8) How often is your target for Incinerate a creature as opposed to their nug? I bet it’s a lot. If that’s the case, why aren’t you playing Lash Out instead of Incinerate? I’m not going to say that it’s 100% correct, but it’s certainly worth considering. LSV and Owen Turtenwald are the ones who turned me onto this and they couldn’t be more right. In both cases, they were talking about replacing Incinerate in slower, midranges deck (RG Mana Ramp and Goblins, respectively), but in both cases they were right and it just seemed so obvious after the fact.
9) Raking Canopy is not the end of Faeries. Some other authors have been over this already, but I have to back them up. Faeries doesn’t really care about the Canopy as long as you aren’t also trying to kill them. If you feel safe behind your Canopy, think again. Faeries switches into defense mode and a few turns down the road you find it’s hard to bust through their army of Bitterblossom tokens, a bunch of manlands with mana untapped, and a Scion of Oona.
You have to take the initiative. Merfolk was excellent at doing this against opponents who don’t interact with them in the first two or three turns. Faeries is setting up, meanwhile Merfolk is going off with Reejerey and Banneret, vomiting five guys into play.
Kithkin, Elves, Merfolk, and R/g Aggro have the best shot of beating Faeries because they have aggressive mana curves. I’m sure even Bill Stark Clanger deck could beat Faeries in a game or two. Trust me when I say you don’t want to play the waiting game against them.

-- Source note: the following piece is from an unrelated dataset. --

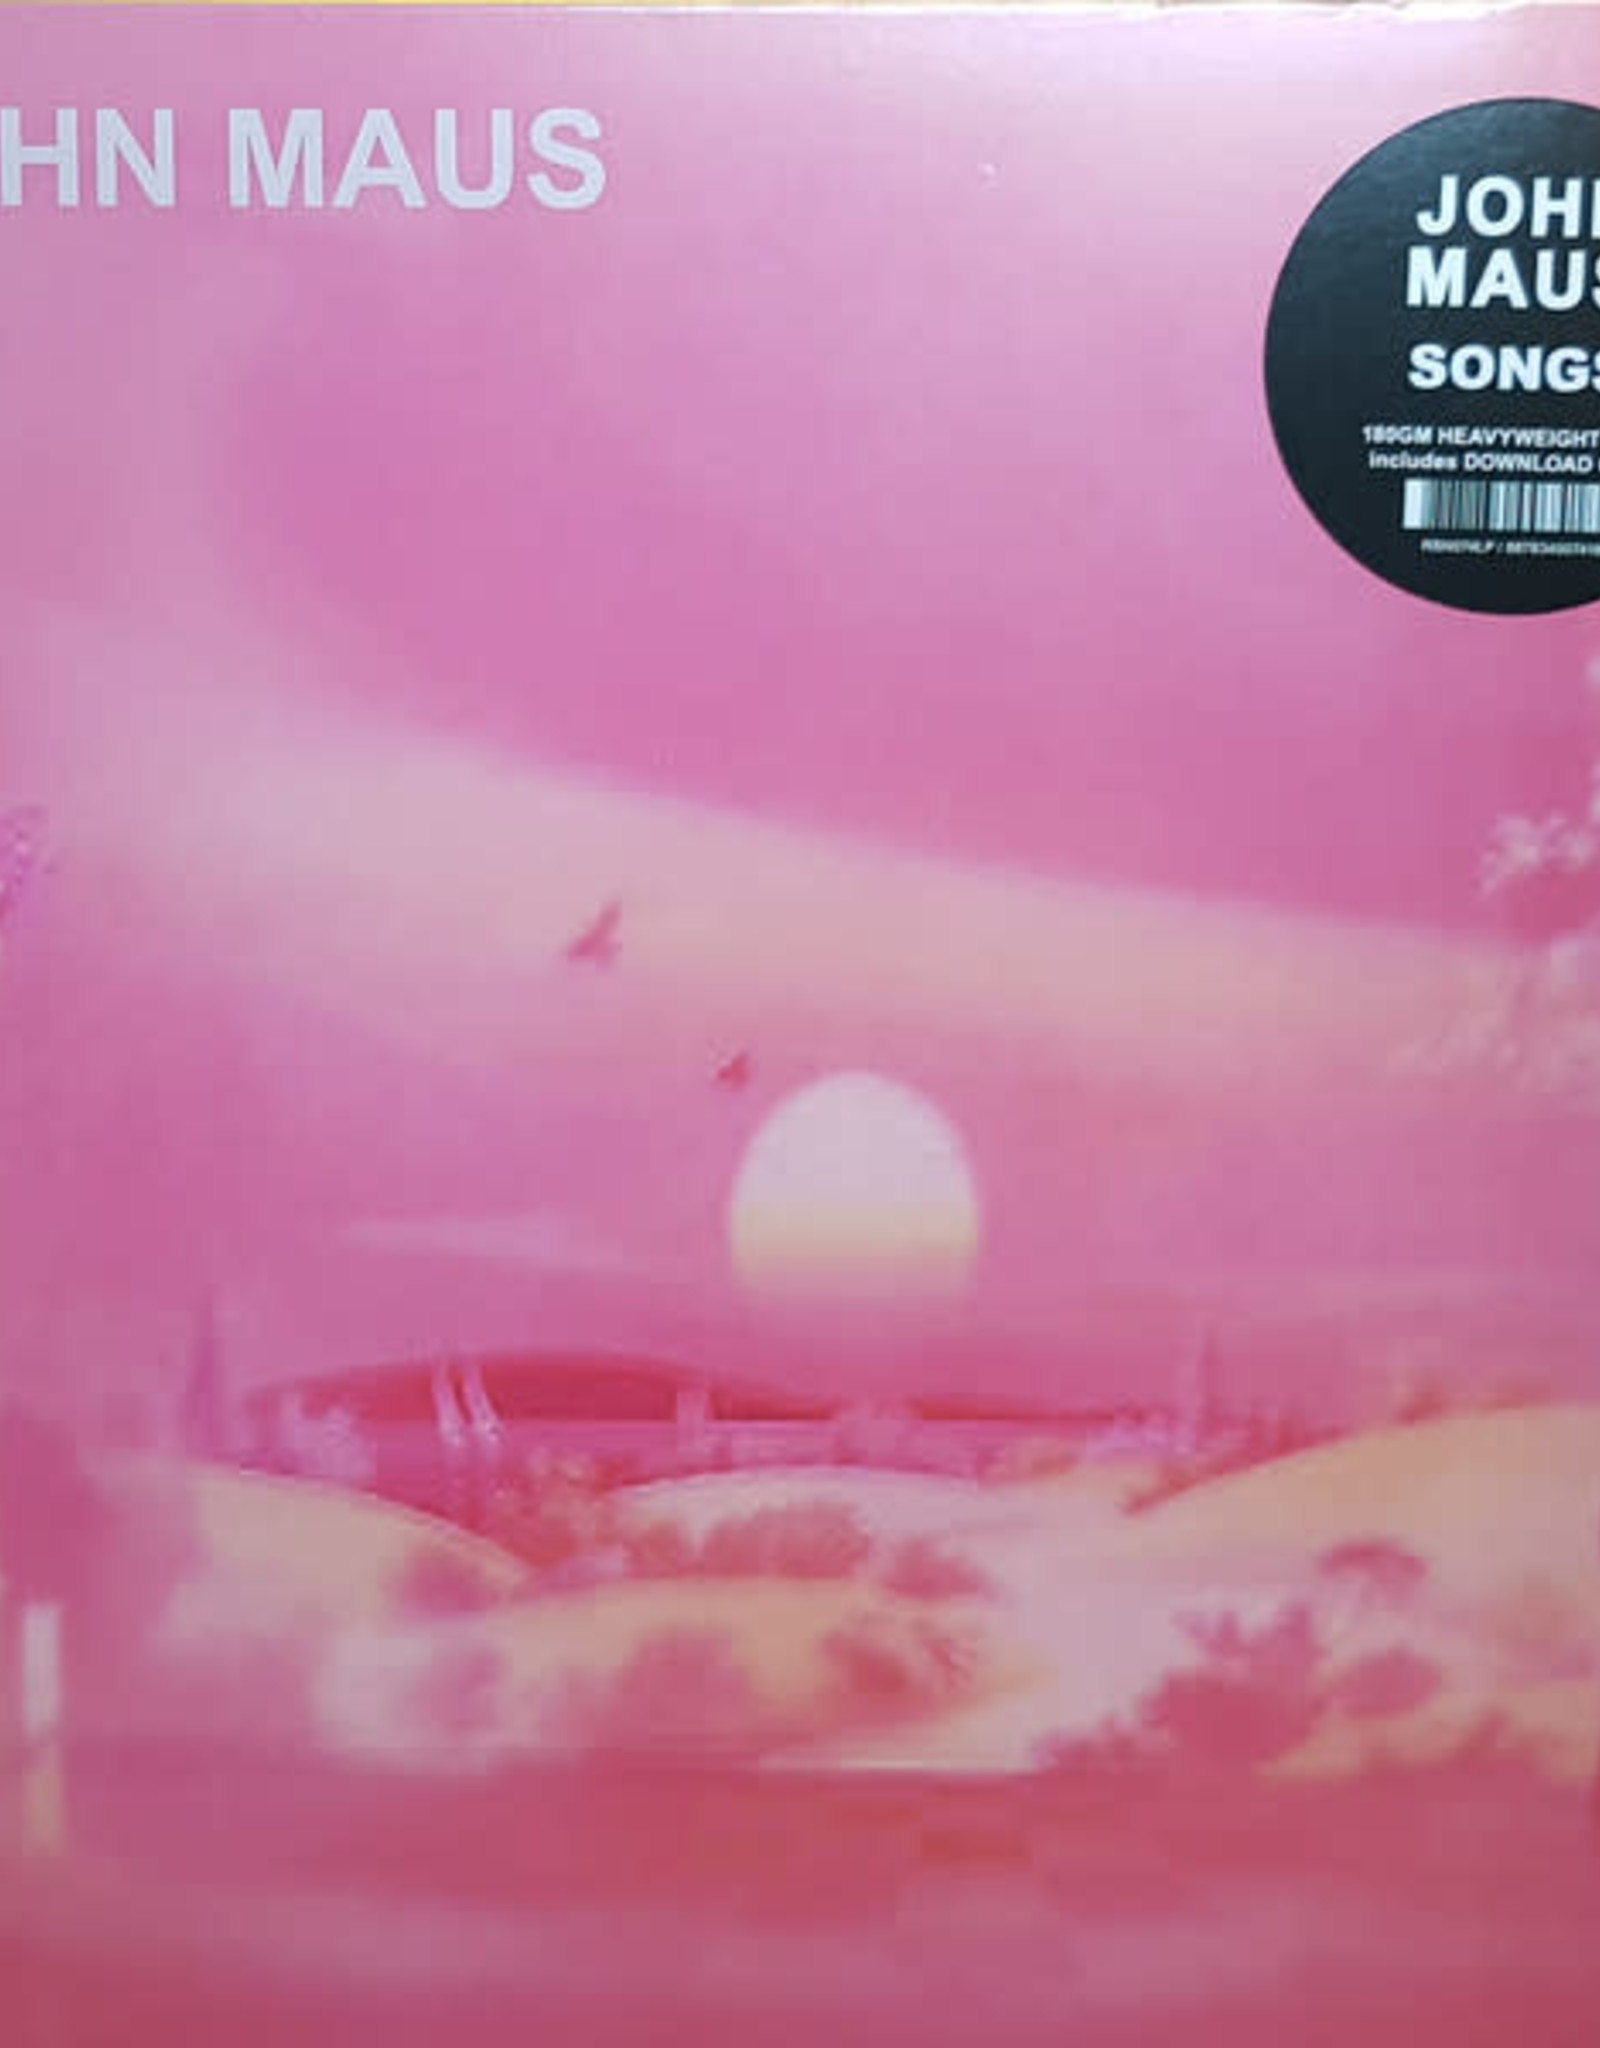 John Maus - Songs

There are certain exceptions to this rule, like most rules. Reveillark, for example, has a much better end game than Faeries does. If Reveillark can find a couple of Raking Canopies early, they could be well on their way to buying some time to go infinite. Splashing Raking Canopy and being able to piece together your combo is capable because of two cards I already talked about: Reflecting Pool and Primal Command.
10) Murderous Redcap is not as good as advertised. Surely in a previous format this card would have been an all star, but Wizards has gone a long way in pushing the power of creatures. 1/1s and 2/2s just aren’t as good as they used to be, and there just aren’t enough little animals running around in this metagame for Redcap to be as good as he should be.

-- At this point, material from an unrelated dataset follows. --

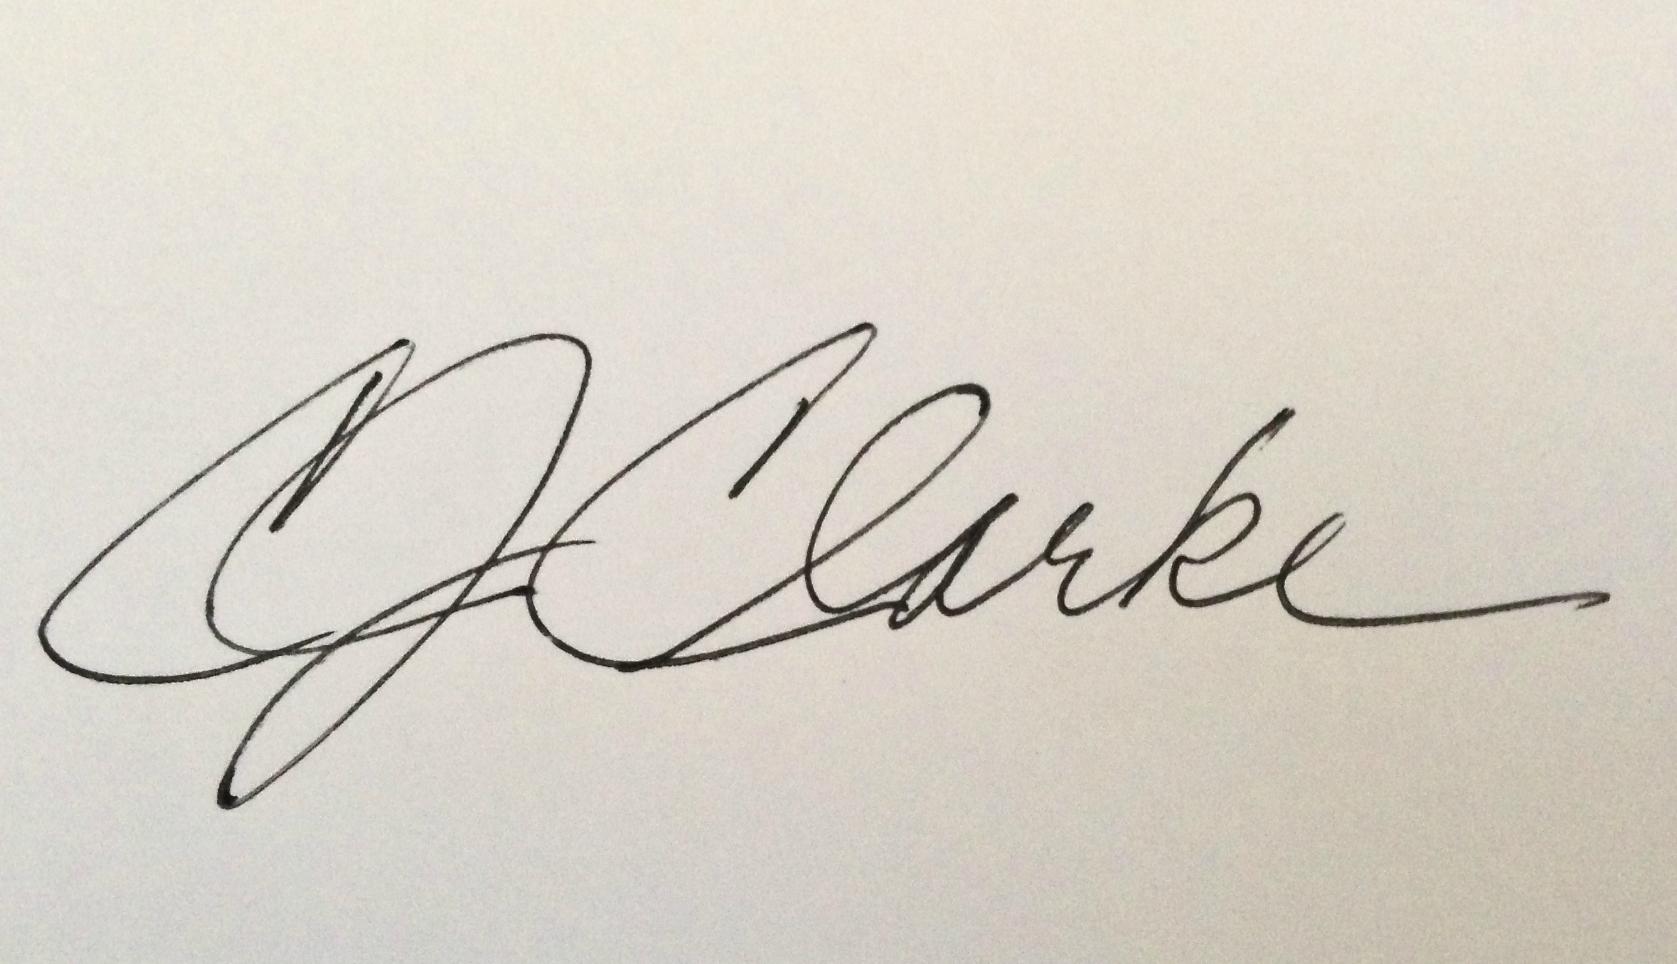 Cynde Clarke's Signature

11) Garruk may make a comeback at PT: Hollywood. As of late, I’ve seen a significant drop in the number of planeswalkers. With Faeries and Reveillark chock full of fliers, Garruk didn’t live long in the old metagame. However, with Reveillark taking a dive and most savvy metagamers out there looking for a way to beat Faeries instead of joining them, Garruk is poised to make his big return.

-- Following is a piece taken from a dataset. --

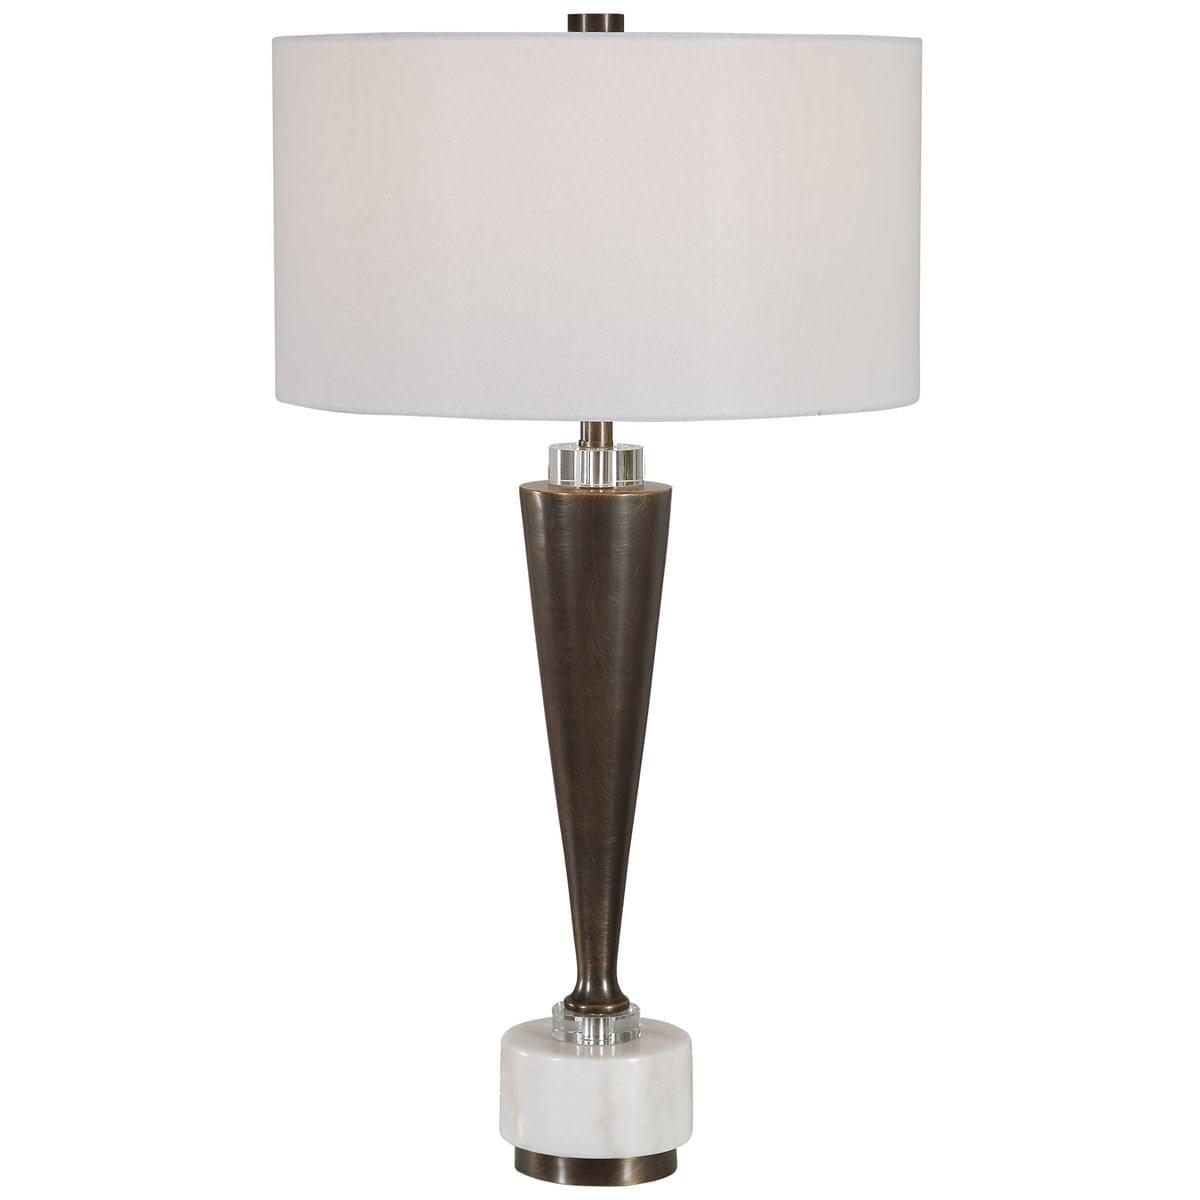 Uttermost Merrigan Table Lamp at Mums Place Furniture Carmel CA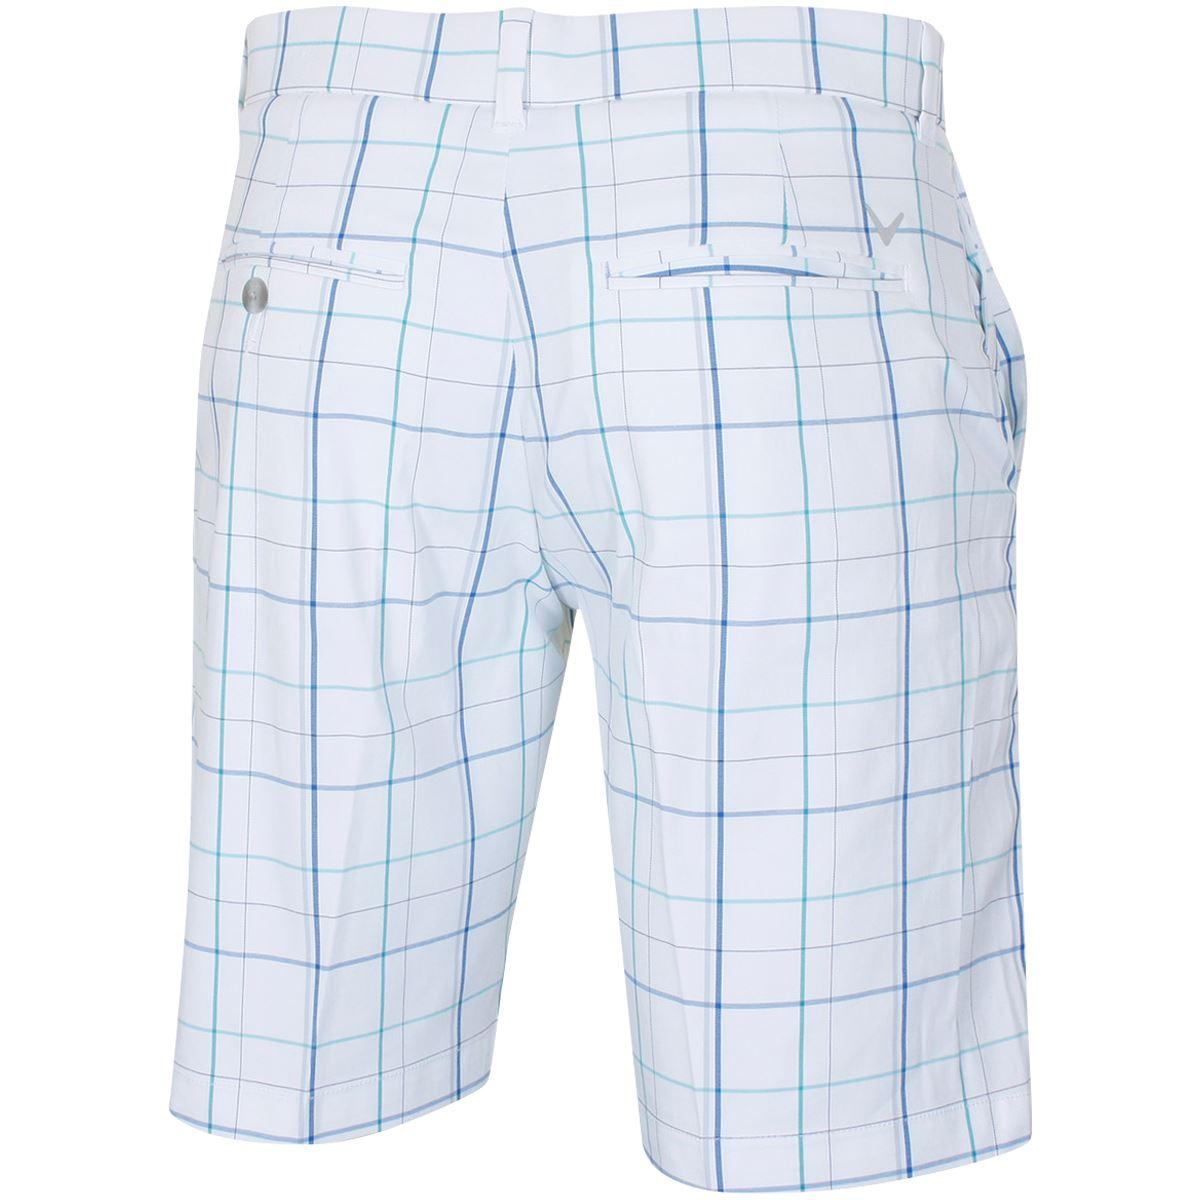 Callaway-Golf-Fashion-Plaid-Flat-Front-Mens-Stretch-Golf-Shorts thumbnail 5

Sulfurous Blast was the great Garruk catchall, but most new lists that I’ve seen run Firespout instead.
At Worlds, Garruk was the card to beat. Green mirrors were decided by who went first and got the free 3/3. That situation is probably going to happen again at the Pro Tour. Granted, Cloudthresher is still around, but he often doesn’t come down early enough to solve the problem.
…
I promised ten things, and provided eleven. I’m just a giving person.
I hope this article will help you in your future endeavors, unless of course you are playing against me. I will probably be taking a look at Block next since there has been some requests for that. Despite it being the next PTQ format, almost no one has written anything about it. If you any questions or comments, hit me up in the forums. I will most likely reply promptly as I have nothing to do in between rounds.
GerryT
* I don’t actually play that much right now because of MTGO Version 3, and the fact that the Constructed queues don’t work at the time of writing, but this is not an exaggeration.